- Puthucurichy Location in Kerala, India Puthucurichy Puthucurichy (India)
- Coordinates: 8°37′0″N 76°48′0″E﻿ / ﻿8.61667°N 76.80000°E
- Country: India
- State: Kerala
- District: Thiruvananthapuram

Government
- • Body: Kadinamkulam Gram panchayat

Languages
- • Official: Malayalam, English
- Time zone: UTC+5:30 (IST)
- PIN: 695303
- Telephone code: +91 471-XXXXXXX
- Vehicle registration: KL-22
- Nearest city: Thiruvananthapuram

= Puthucurichy =

Puthucurichy (spelled also Puthencurichy/Puthukurichy) is an area on the coast of Thiruvananthapuram Kerala, India. This residential area is situated between Mariyanad and Perumathura on Veli – Perumathura road.

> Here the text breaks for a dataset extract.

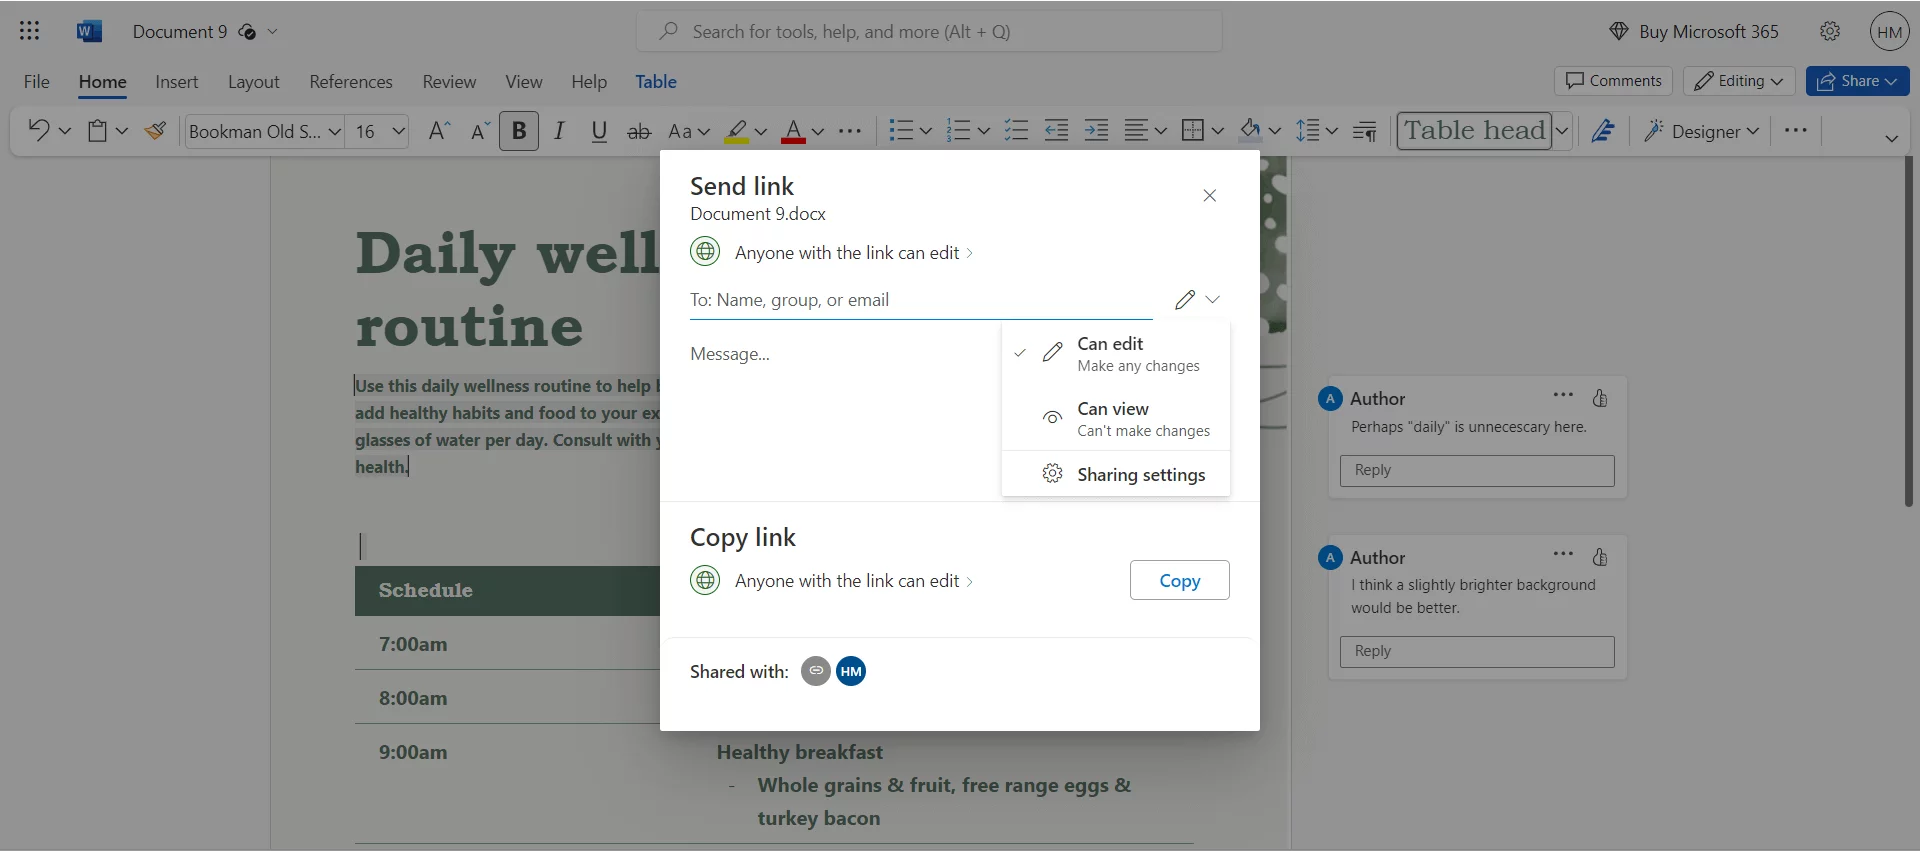 Microsoft Word document with a daily wellness routine, showing the "Send link" sharing options dialog to allow editing or viewing access.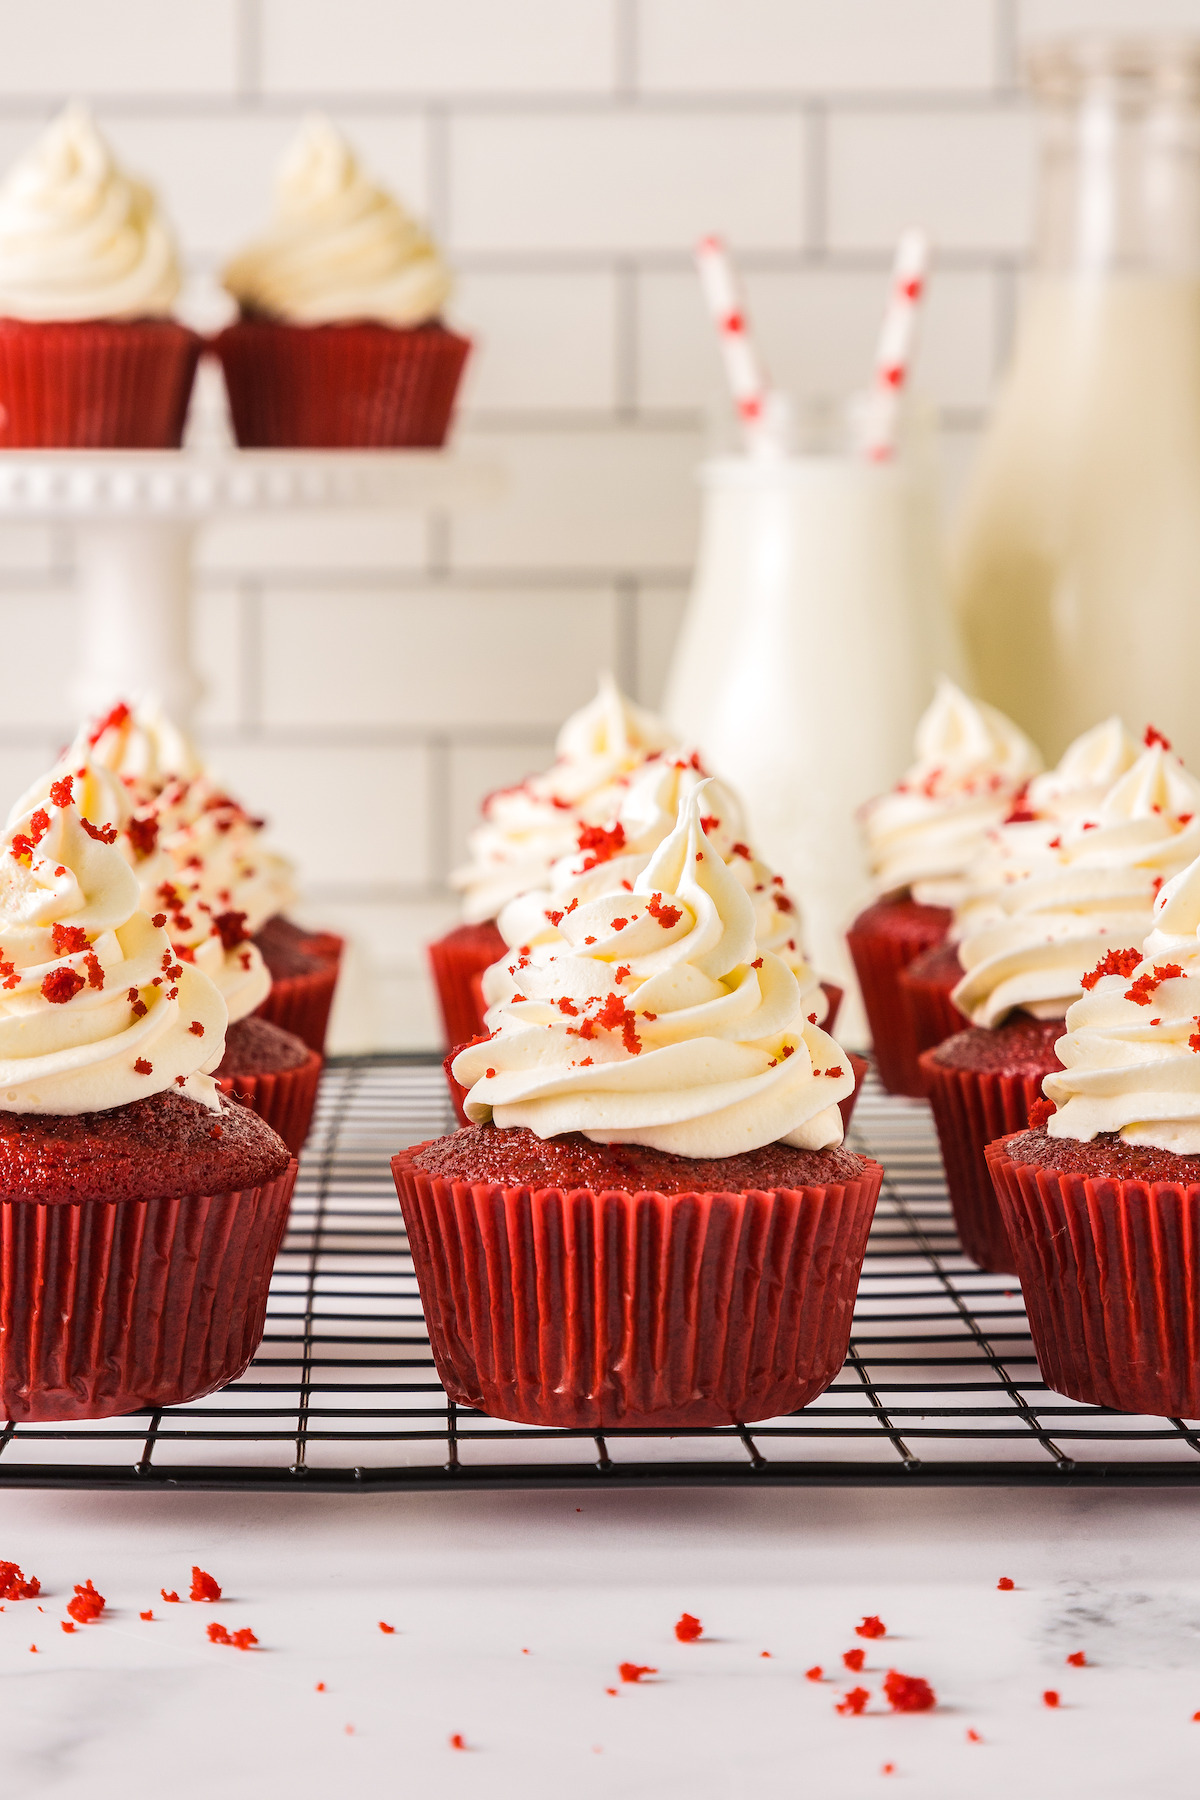 Red velvet cupcakes with cream cheese frosting on top.

Main landmarks are St. Michael's Church, Muhayyideen Juma Masjid, Puthucurichy Government Hospital, State Bank of Travancore, Telephone Exchange, Post Office.

The nearest Airport is Trivandrum International Airport and Murukkumpuzha Railway Station is the nearest Railway Station.

==Education==
Schools include Our Lady Of Mercy Higher secondary school, and the Govt. L.P School.